Megan's the President, and CEO of Full Focus. She's also the author of a fantastic new book, which we're gonna spend a lot of time on, called "Mind Your Mindset:The Science That Shows Success, Starts with Your Thinking".

And Megan is also someone that I've had the privilege of working with as a client over the last couple of years and got to know quite well. And, you're gonna really love hearing from Megan. So, Megan, welcome to the podcast.

Megan Miller: Les, thanks so much for having me. I can't believe it's taken this long to do it, mostly because of my schedule, but I'm so excited it finally worked out.

Les McKeown: Well, I played a little diva part as well. I mean, you would've thought that the two of us were the busiest people in the world, and I know you are very busy, but we made it and I'm delighted that we did.

Megan Miller: Me too.

Les McKeown: And, as I mentioned, you know, in between all of that, we meet in our regular client work, and it's great that we've been able to spend time, bringing the story of Full Focus and the new book, to our folks.

Now, many of the listeners are going to know, if not Full Focus, certainly the pre-cursor company, because this used to be, Michael Hyatt Company, your dad's business. Isn't that right?

Megan Miller: That's right, yep.

Les McKeown: And what was the story, we'll come to the name change in a second or two, but you are one of a number of siblings.

Were you up voted to to become the next CEO? Did you grab the brass ring early on? Was there just no other question or how did all of that sort of work out? How did you get to be here?

Both: Laughter

Megan Miller: That's hilarious. It was not like the Bachelor where I got the Rose, you know, so fortunately that would've probably, been a little bit of a mutiny.

But you're right, I am the oldest of five daughters and my youngest sister, Marissa, works in the business as our director of marketing. a couple of others have worked in the business at one time or the other.

And my husband, Joel, actually is on our executive team. And then of course, my dad is the Founder of our company, Michael Hyatt.

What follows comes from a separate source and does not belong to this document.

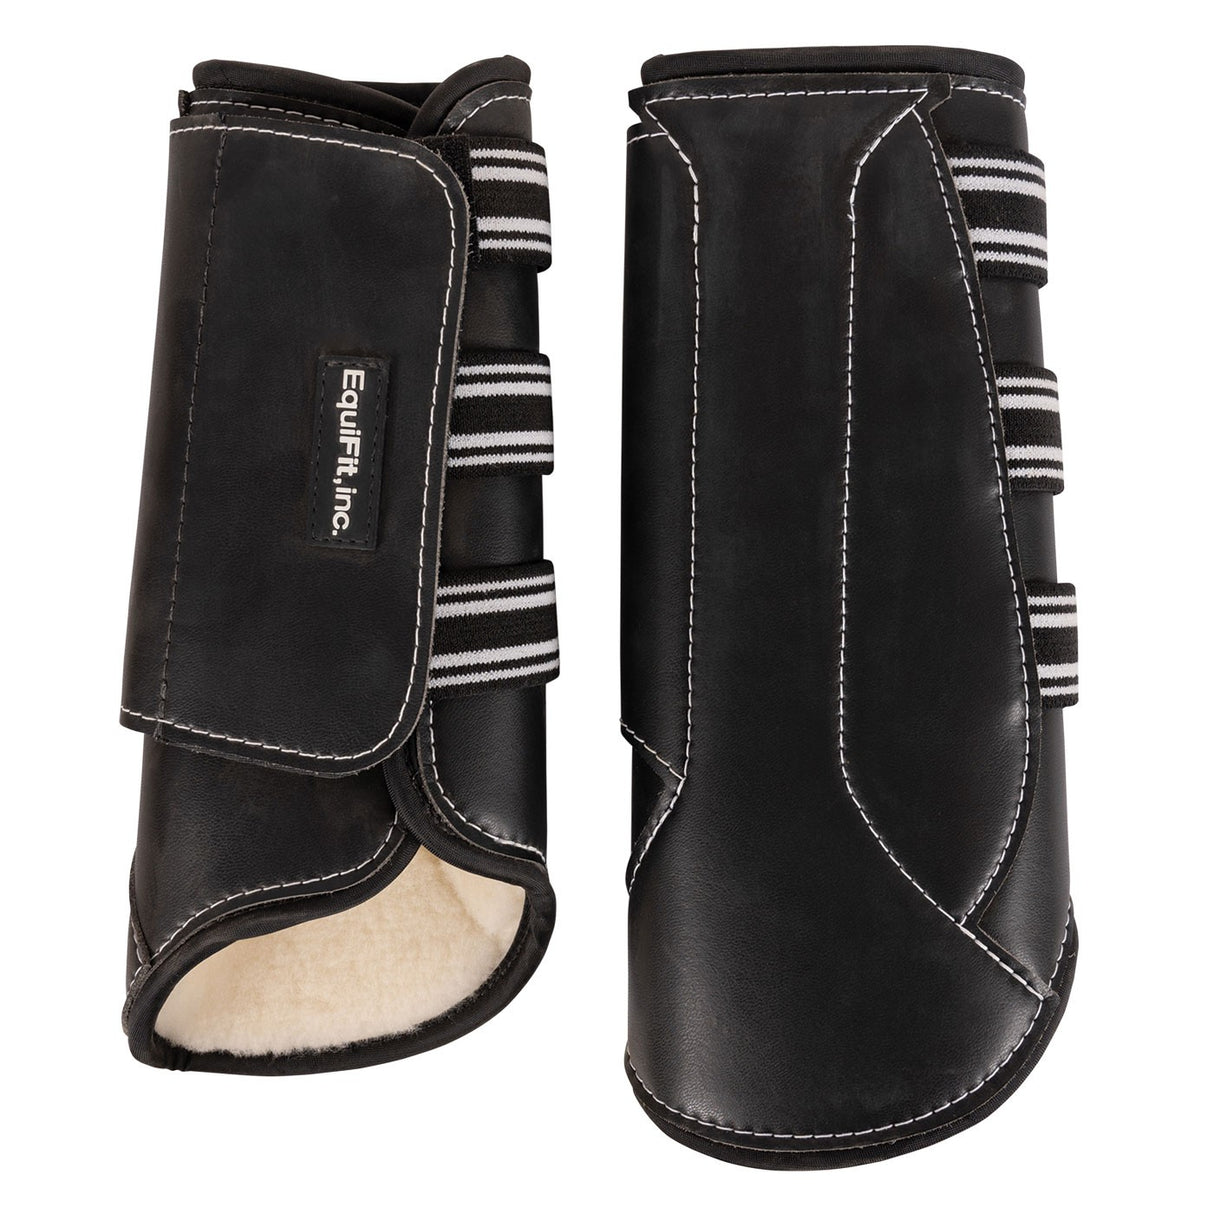 EquiFit MultiTeq Sheepswool Tall Hind Boots

So, it is a family affair. I was not upvoted, but I have always had a keen interest in business ever since I was a little girl, literally eight years old was the first business trip I ever went on with my dad. It was to a trade show and had my little dress and my little fancy socks, and I sat at the meetings.

I don't know what I was thinking, but apparently I liked it.

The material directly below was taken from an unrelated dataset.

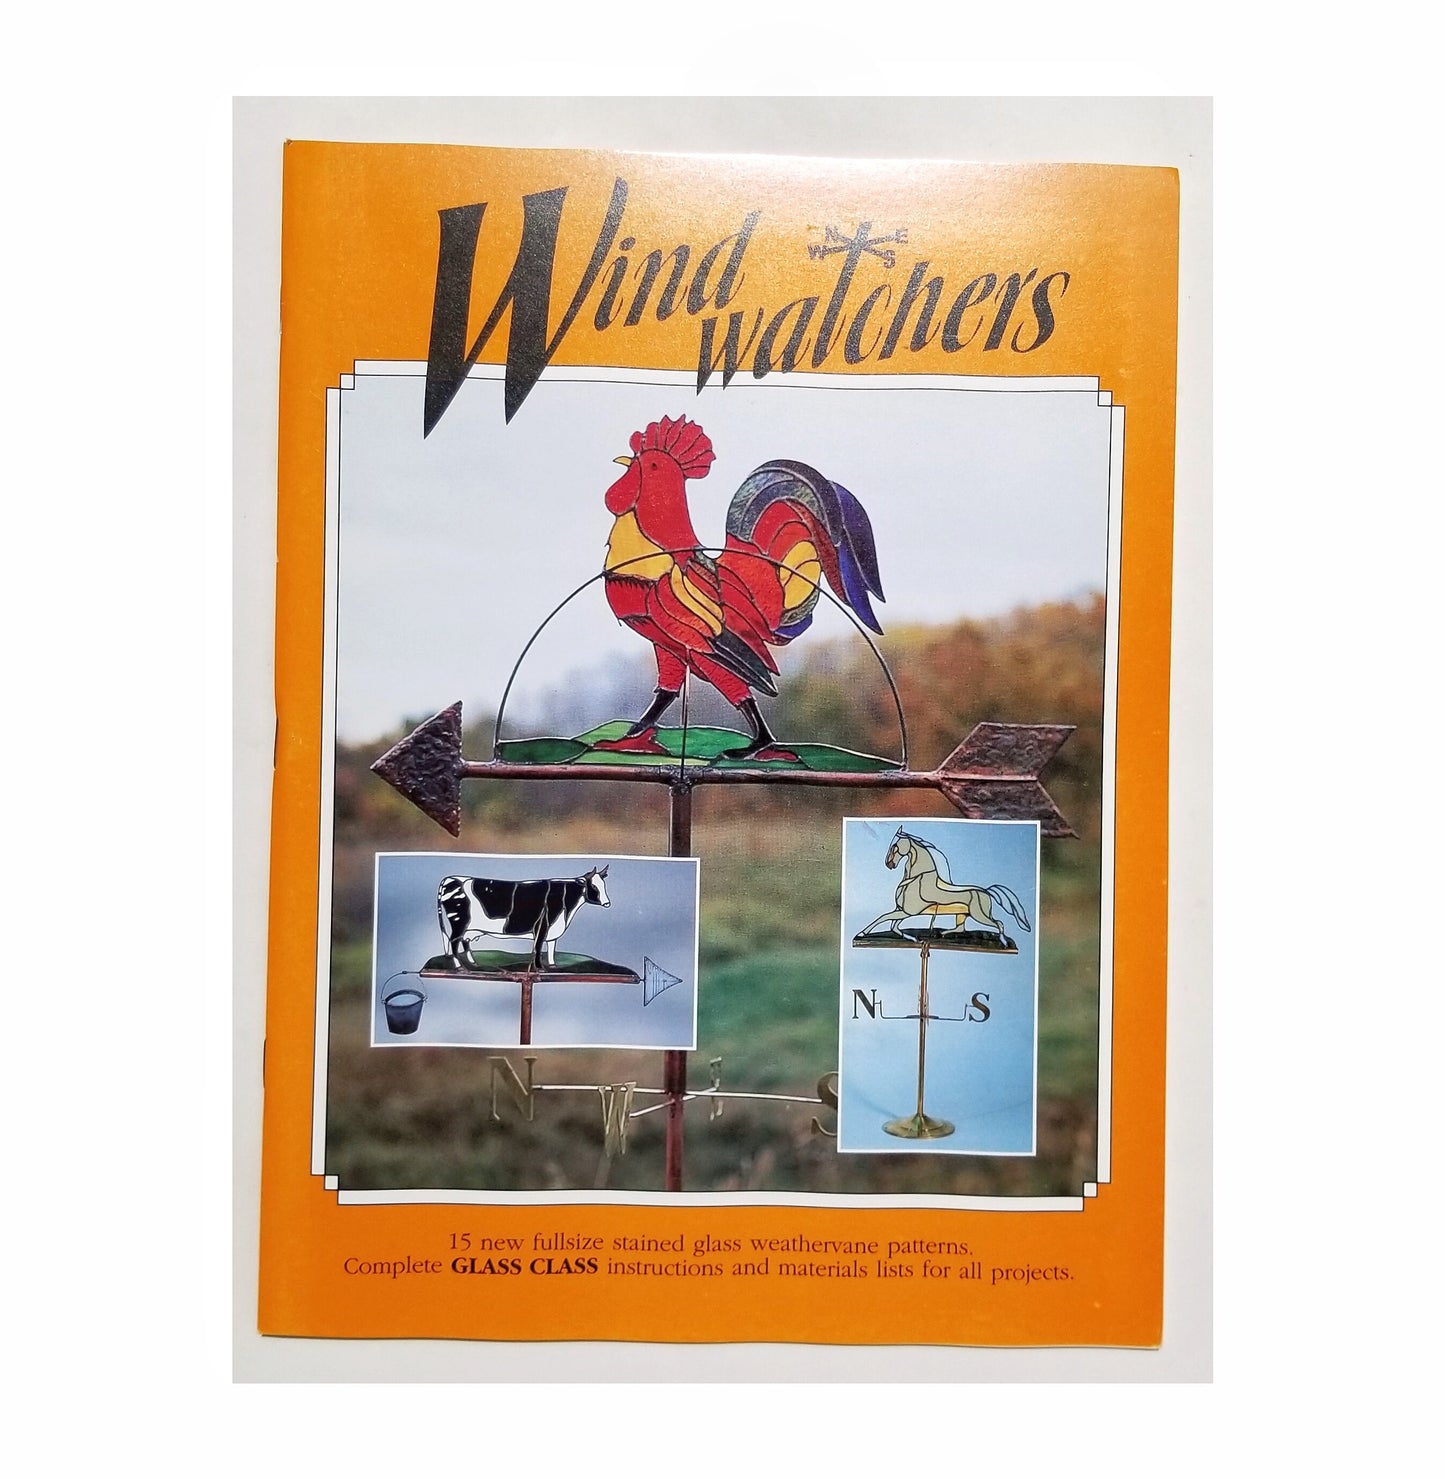 Stained Glass Design Book. Nice variety of line drawings for these unusual Weathervane projects.

Megan Miller: And so we have been doing professional things together. My dad was great when I was young about taking me on trips and, giving me opportunities. And I think I just had an affinity for leadership and business at the beginning.

And, of course, the opportunities on the family side enabled me to develop those things. And so in 2011, my dad left the CEO role at Thomas Nelson Publishers now called Harper Collins Christian Publishing, and started his own business, kind of thought he would just write and speak, and then it quickly took off from there.

And I joined in 2012 and a few years after that became the COO and then eventually the CEO in 2021.

So, it wasn't always kind of, you know, the handwriting on the wall, but it's had a nice natural progression and it's been a really fun project for my dad and I together.

Les McKeown: I love the thought of eight year old you just sitting in a business meeting.

Both: Laughter

Megan Miller: I know!

Les McKeown: And funny enough, that's gonna echo a little bit in some of the things that you talk about in the book. So that's interesting.

Now, my mind plays a lot of tricks, more and more as I get older, but I do remember, your dad was very early into blogging, isn't that right?

Megan Miller: He was.

Les McKeown: Would I be right in saying that he actually started blogging before he left corporate and announced the move on his blog? I seem to remember that happening.

Megan Miller:You're absolutely right about that. And, this was a kind of new format, you know, back then he was one of the early people to figure out how to monetize a blog and how to build a personal brand and a online platform and all that.

Believe it or not, some of you who are kind of newer, maybe to this world, there was a time when none of this existed!

Both: Laughter

Megan Miller: No social media. It was like, you know, baby Twitter back then. And that really enabled him to build an off ramp from the corporate world to being a solopreneur back, you know, in the early 2000's, mid, you know, 2010's.

And so, yeah that's kind of how it all began with that blog.

Les McKeown: And was that jump, you know, it's one thing to be doing really well in corporate as your dad was, becoming a founder and an entrepreneur, it's a guess if you're not in business, it's a version of the same thing, but it's a radically different position. Was that a surprise to the family, or did your dad always have that in him?

Megan Miller: No, it was not a surprise to the family. Actually, the corporate stint that he did was kind of the anomaly in his career, because by that point, he had had several other businesses from the time that I had been young. And that was kind of the norm.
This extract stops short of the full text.